Zhou Lingling, Zheng Haitao, Huang Xin, Zhu Lihua, Wu Suijing, Zeng Chengwu, Yang Lijian, Chen Shaohua, Luo Gengxin, Du Xin, Li Yangqiu
Key Laboratory for Regenerative Medicine of Ministry of Education, Jinan University, Guangzhou, China.
Institute of Hematology, School of Medicine, Jinan University, Guangzhou, China.
Asia Pac J Clin Oncol. 2018 Apr;14(2):e116-e123. doi: 10.1111/ajco.12672. Epub 2017 Mar 14.
The comprehensive genetic alterations underlying the pathogenesis of Sézary syndrome (SS) remains largely unknown. Previous studies showed that alterations of tumor necrosis factor-α-induced protein 3 gene (TNFAIP3; A20) are frequent in SS. In this study, we characterized the mutation and polymorphisms of A20 in a case with SS and compared with the genetic feature of A20 in T-cell acute lymphoblastic leukemia (T-ALL).
Using a novel approach based on the combination of fine-tiling array comparative genomic hybridization ( and ligation-mediated polymerase chain reaction (LM-PCR) to identify SS clone, the polymorphisms in the A20 gene (promoter, exons 2-9 [coding region] and 3'UTR) were detected by PCR and sequencing.

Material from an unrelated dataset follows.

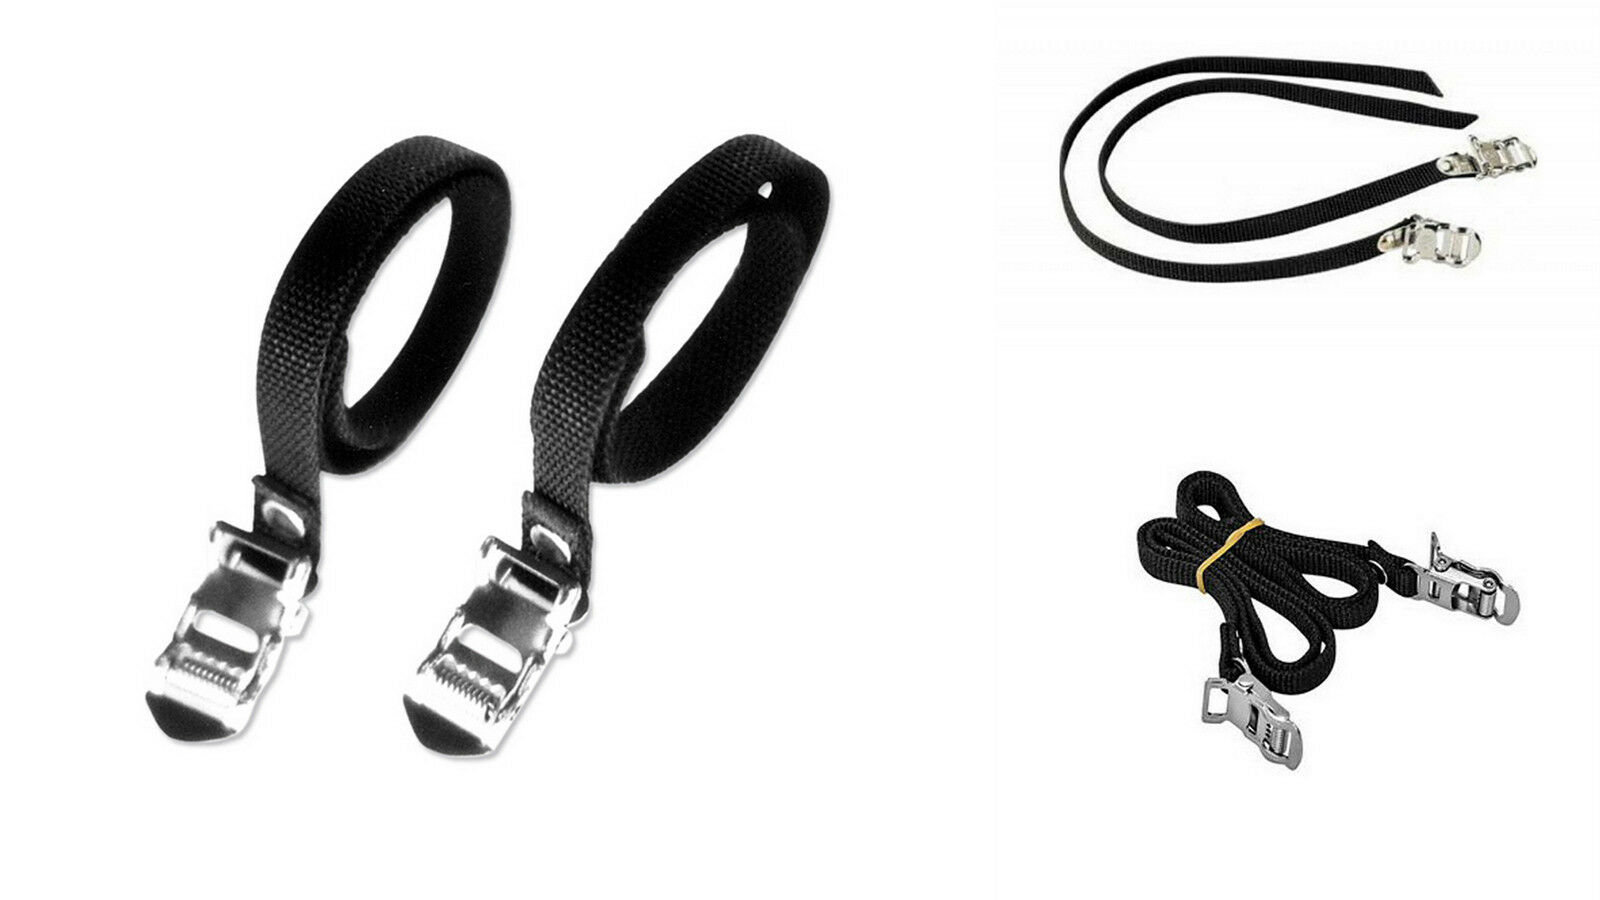 2x Correas Color Negro de Nylon para Calapie Calapies de Bicicleta Vintage 2909

The malignant SS clone was identified as TCR Vα2-Jα22 rearrangement without deletion at the A20 loci (6q23-27 region) in the SS case. Six polymorphisms were identified, all of them are belonging to single nucleotide polymorphisms (SNPs) that are recorded in genebank: rs5029924, rs5029937, rs2230926, rs582757 and rs77191406, while rs2307859 was not identified in the SS sample, which is found in all T-ALL. The alteration pattern of A20 in this case seemed different from the T-ALL samples, in contrast, it is similar to the alteration of A20 in samples from rheumatoid arthritis or systemic lupus erythematosus with poor clinical outcome and cancer developing.

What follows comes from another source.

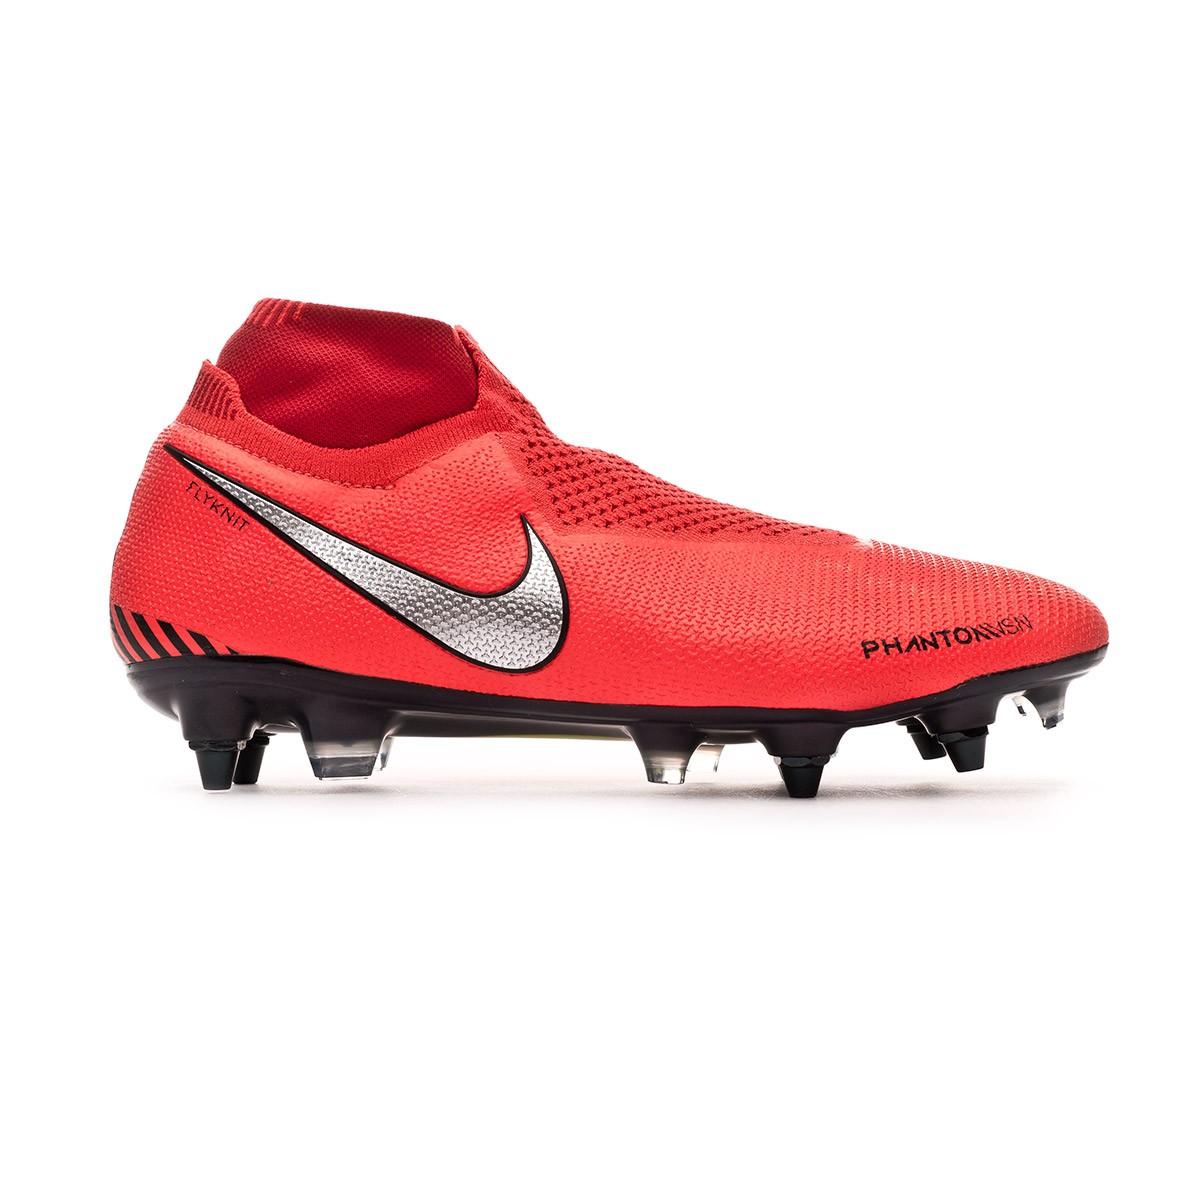 e6b33d92016c Football Boots Nike Phantom Vision Elite DF SG-Pro ACC Bright  crimson-Metallic silver - Football store Fútbol Emotion

The genetic alteration of A20 in the SS case was different from the T-ALL samples and similar to the cases with refractory autoimmune disease and related to tumorigenesis. The findings lead to discuss whether such SNPs of A20 may link the refractory autoimmune inflammation and the tumorigenesis.

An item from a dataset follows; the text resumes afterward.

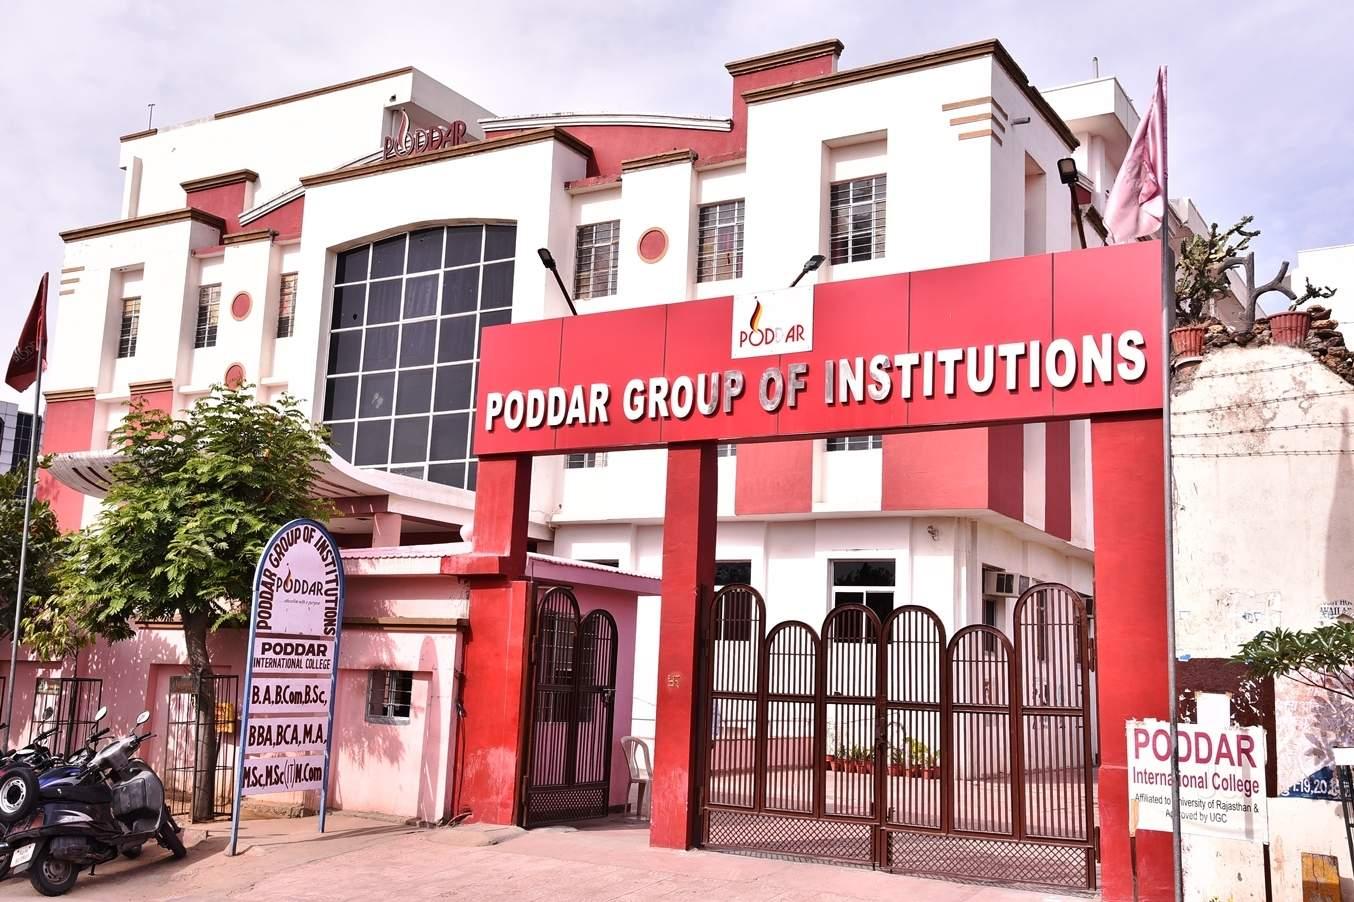 Poddar International College, Jaipur Image

蕈样肉芽肿综合征(SS)发病机制背后的综合基因改变在很大程度上仍不清楚。先前的研究表明,肿瘤坏死因子-α诱导蛋白3基因(TNFAIP3;A20)的改变在SS中很常见。在本研究中,我们对1例SS患者A20的突变和多态性进行了特征分析,并与T细胞急性淋巴细胞白血病(T-ALL)中A20的基因特征进行了比较。
使用基于精细平铺阵列比较基因组杂交和连接介导的聚合酶链反应(LM-PCR)相结合的新方法来鉴定SS克隆,通过PCR和测序检测A20基因(启动子、外显子2-9[编码区]和3'UTR)中的多态性。
在该SS病例中,恶性SS克隆被鉴定为TCR Vα2-Jα22重排,A20基因座(6q23-27区域)无缺失。鉴定出6种多态性,所有这些多态性均属于基因库中记录的单核苷酸多态性(SNP):rs5029924、rs5029937、rs2230926、rs582757和rs77191406,而rs2307859在SS样本中未被鉴定,该SNP在所有T-ALL中均有发现。该病例中A20的改变模式似乎与T-ALL样本不同,相反,它类似于类风湿性关节炎或系统性红斑狼疮样本中A20的改变,这些样本临床预后较差且会发生癌症。
SS病例中A20的基因改变与T-ALL样本不同,与难治性自身免疫性疾病病例相似,且与肿瘤发生有关。这些发现引发了关于A20的此类SNP是否可能将难治性自身免疫性炎症与肿瘤发生联系起来的讨论。